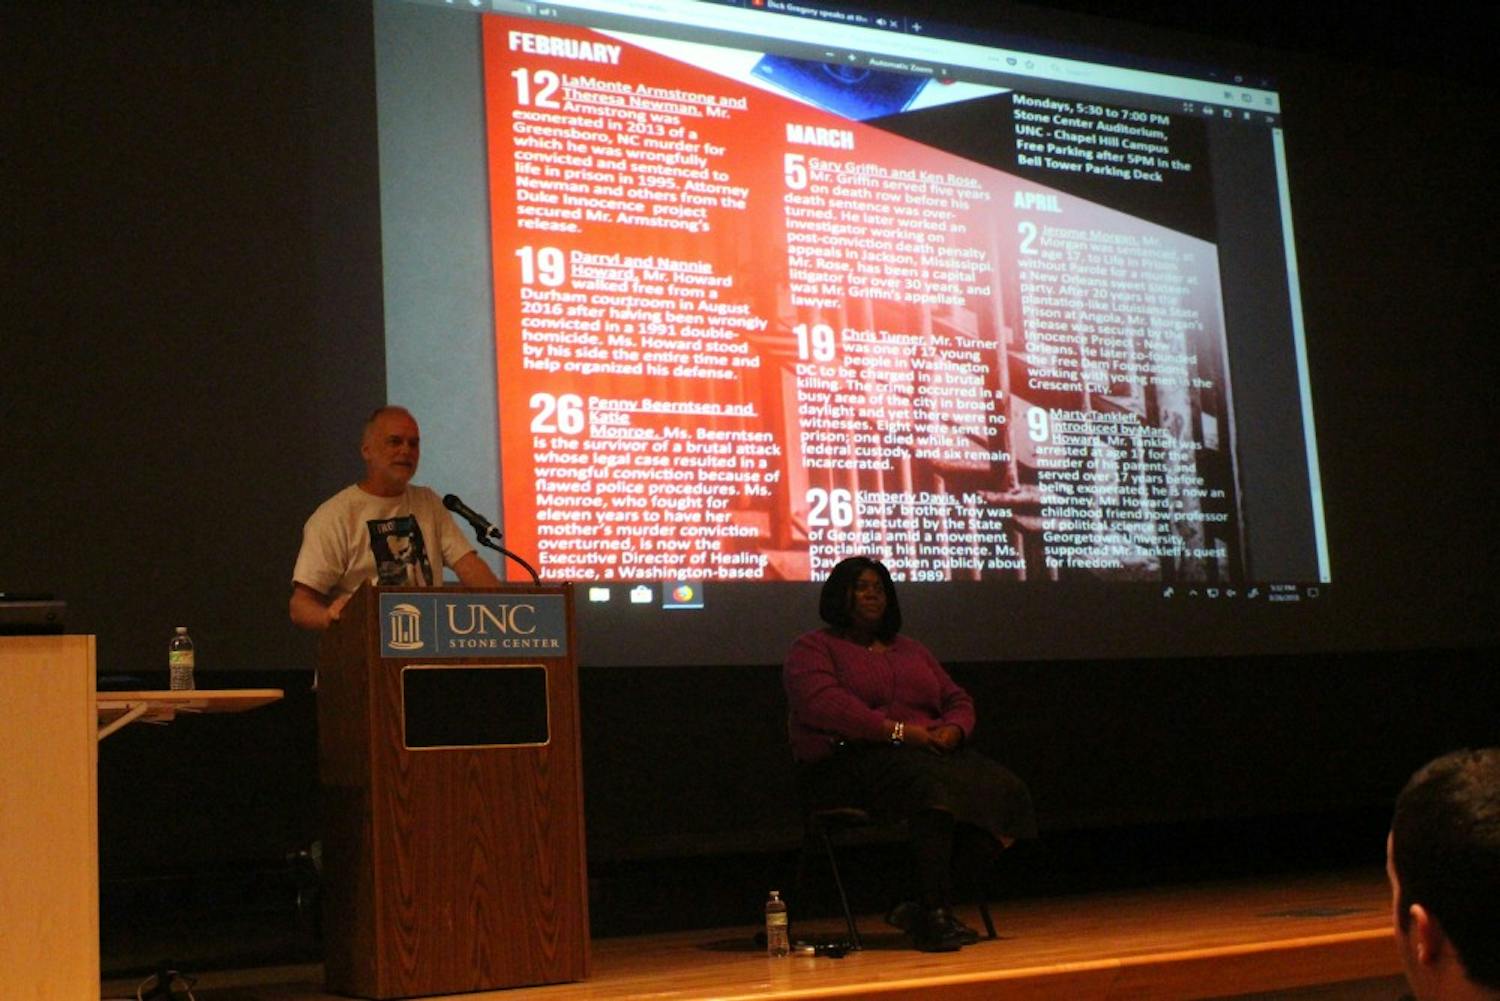 Professor Frank Baumgartner, from the department of political science, introduces Kimberly Davis to speak about her brother, who was sentenced to death in the state of Georgia.
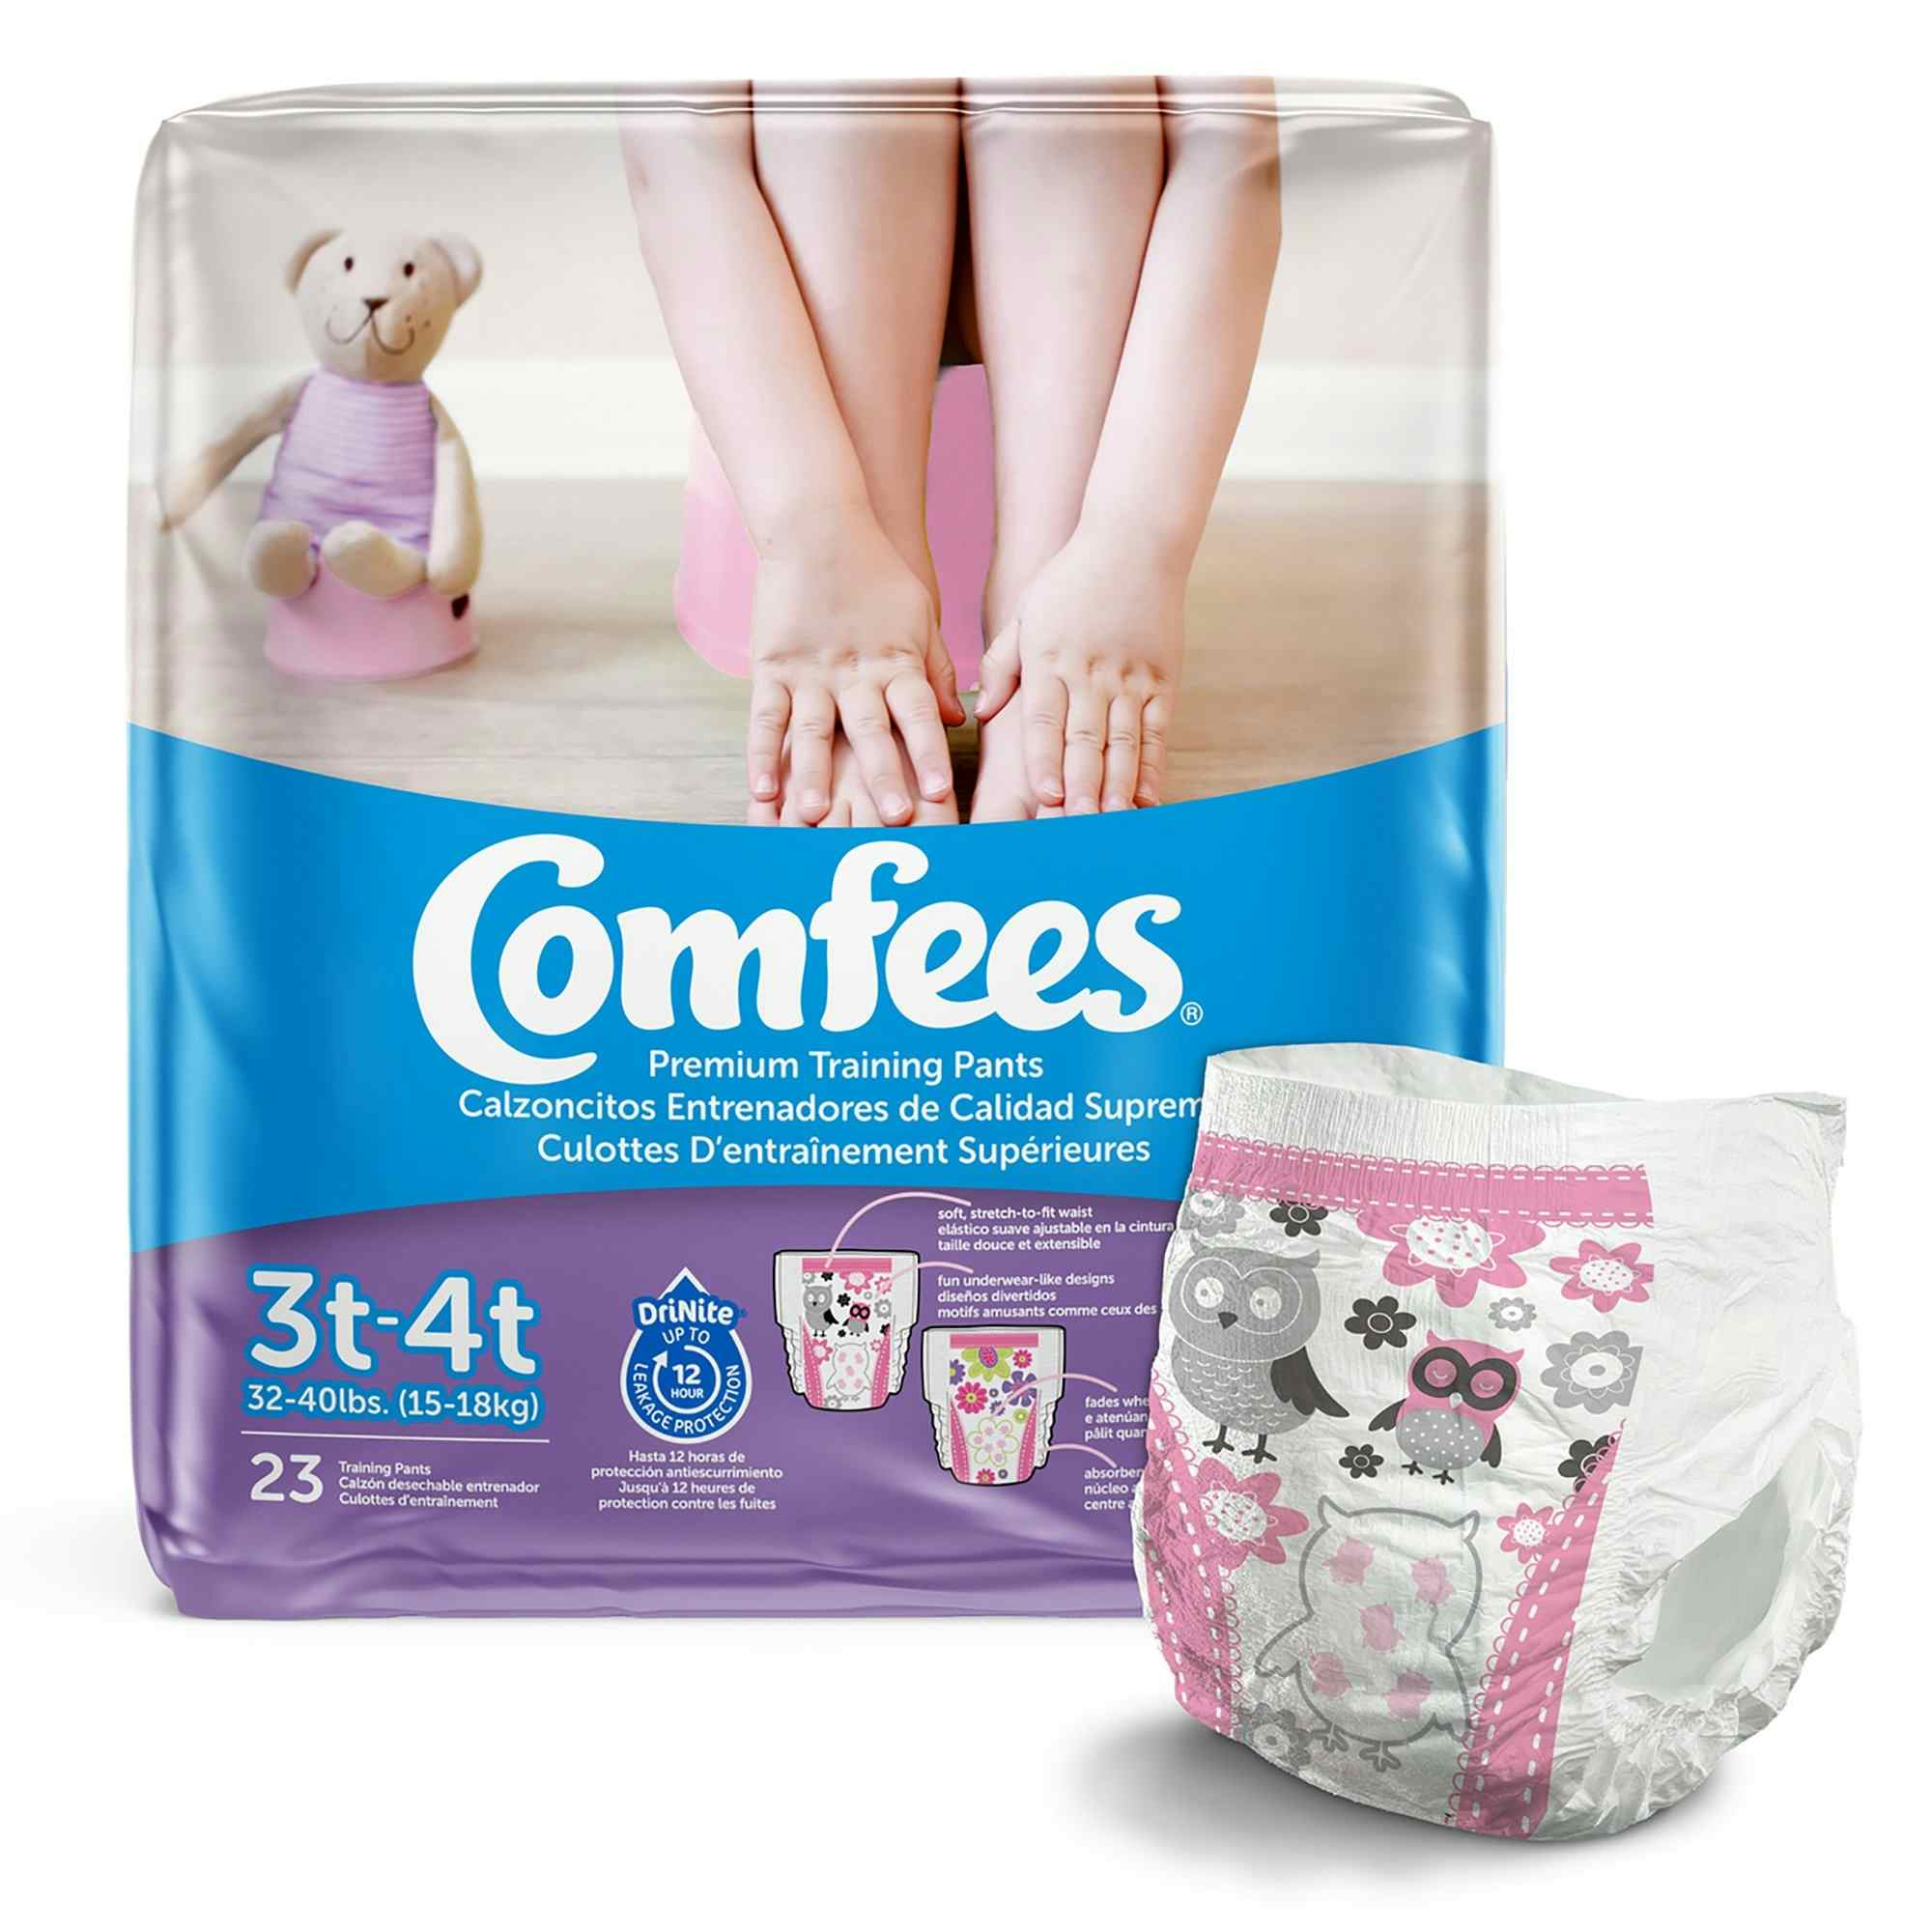 Comfees Toddler Premium Training Pants, Moderate Absorbency, CMF-G3, 3T to 4T (32 - 40 lbs.) - Girl - Bag of 23
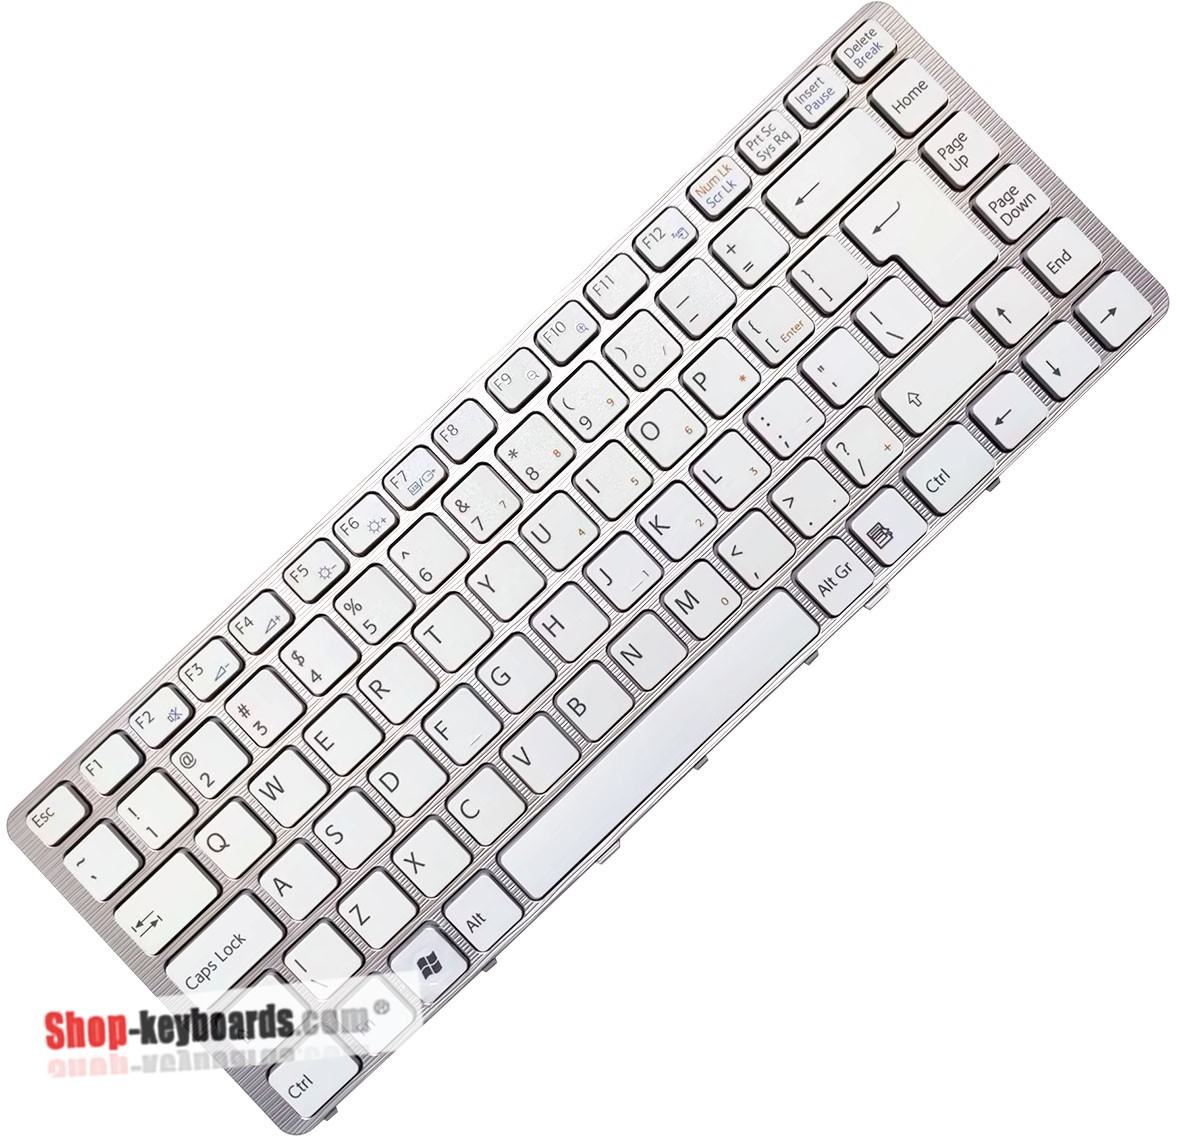 Sony 1-487-643-41 Keyboard replacement

|---|

= Exercise description =
What the answer must hold: all the data above, given again exactly, without pictures.

= Problem solution =
 Professor Frank Baumgartner, from the department of political science, introduces Kimberly Davis to speak about her brother, who was sentenced to death in the state of Georgia.
 Comfees Toddler Premium Training Pants, Moderate Absorbency, CMF-G3, 3T to 4T (32 - 40 lbs.) - Girl - Bag of 23
 Sony 1-487-643-41 Keyboard replacement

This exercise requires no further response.